Far away from authoritarian regimes, in countries that are largely democratic, he challenges us again to think outside the box, and focus on making up our own mind about what kind of society we would like to live in. What about the current Constitution in the US, for example, on which you quote him? It's there, it was necessary, it's useful. But if you had the possibility to evaluate each of its laws on its merits and imagine new ones, what would you come up with? They are laws, not holy writs of self-evident truths that should be adhered to into infinity because, well, just because - as any authority, it can be questioned and it is always good to question it.

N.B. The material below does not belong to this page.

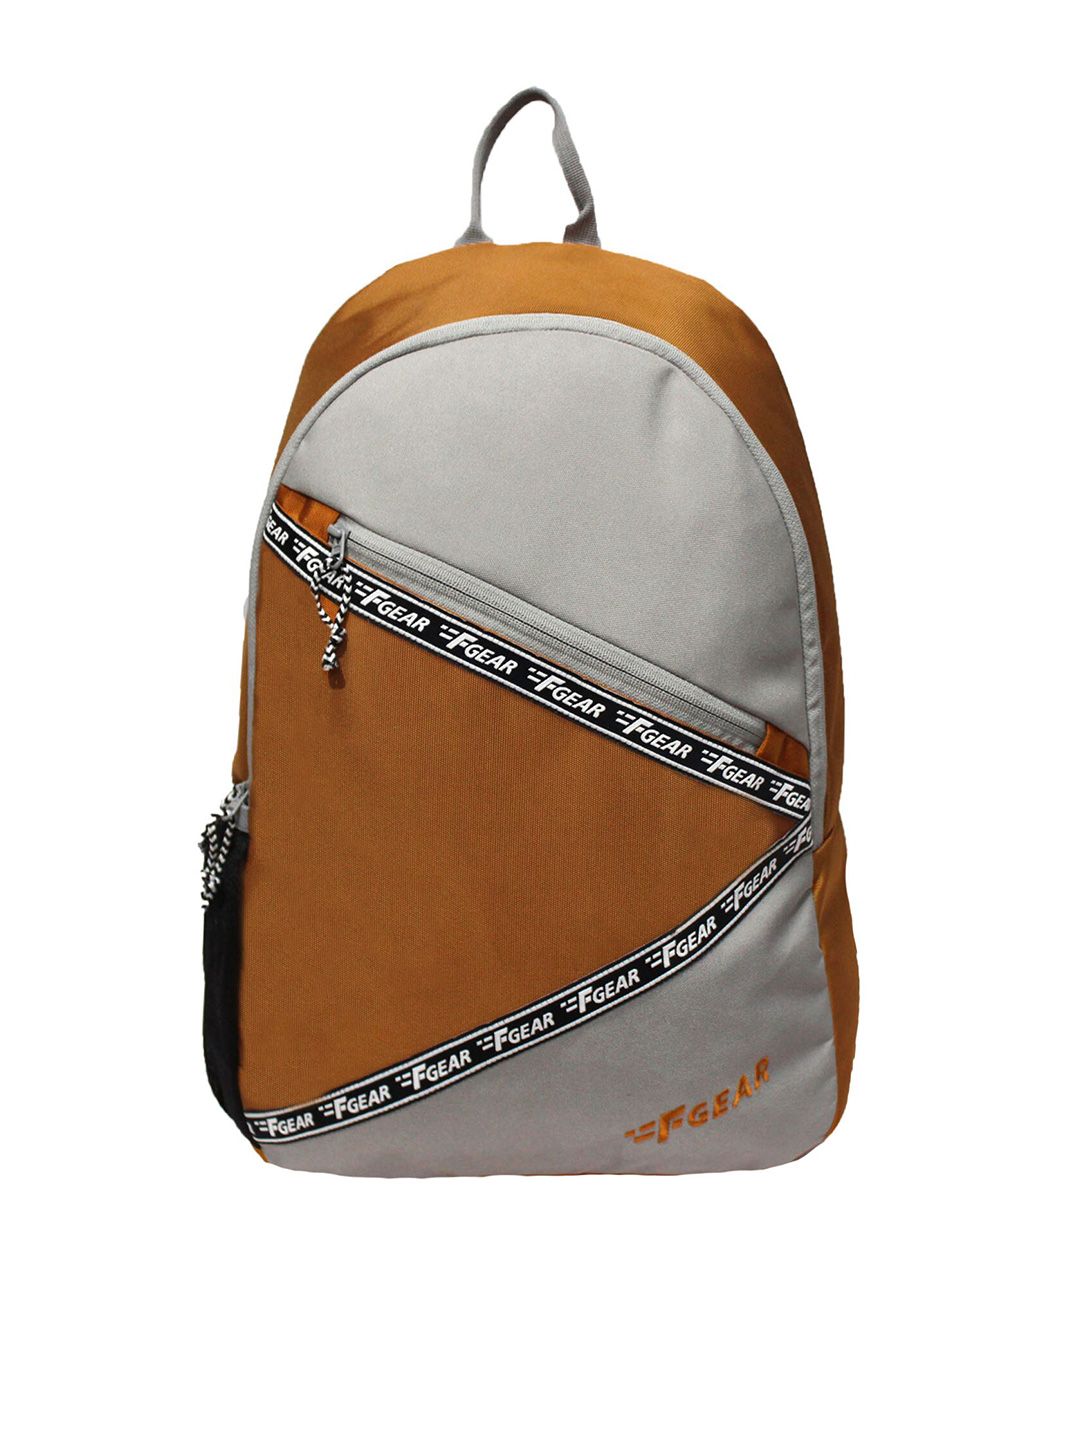 F Gear Unisex Gold-Toned & Grey Colourblocked Backpack Price in India

You may not agree with this - you may prefer to think of the Constitution as an untouchable set of rules underpinning the country's system of authority that should be obeyed through all our lives - but if so, again you can't say Soros is the one on Big Brother's side. He's the one always questioning authority, and probing whether things are quite right the way they are now. The kind of thing that would have gotten one swiftly eliminated in 1984.
Thomas
 
  1  
Reply Mon 25 May, 2009 07:12 am
@nimh,
Oh ... ya know ... big brother, anarchist, law-breaker ... those evildoers, infiltrating the Land of the Free by immigrating here from evildoervania -- they're all the same. No wonder people are afraid of us here in the Home of the Brave. They better!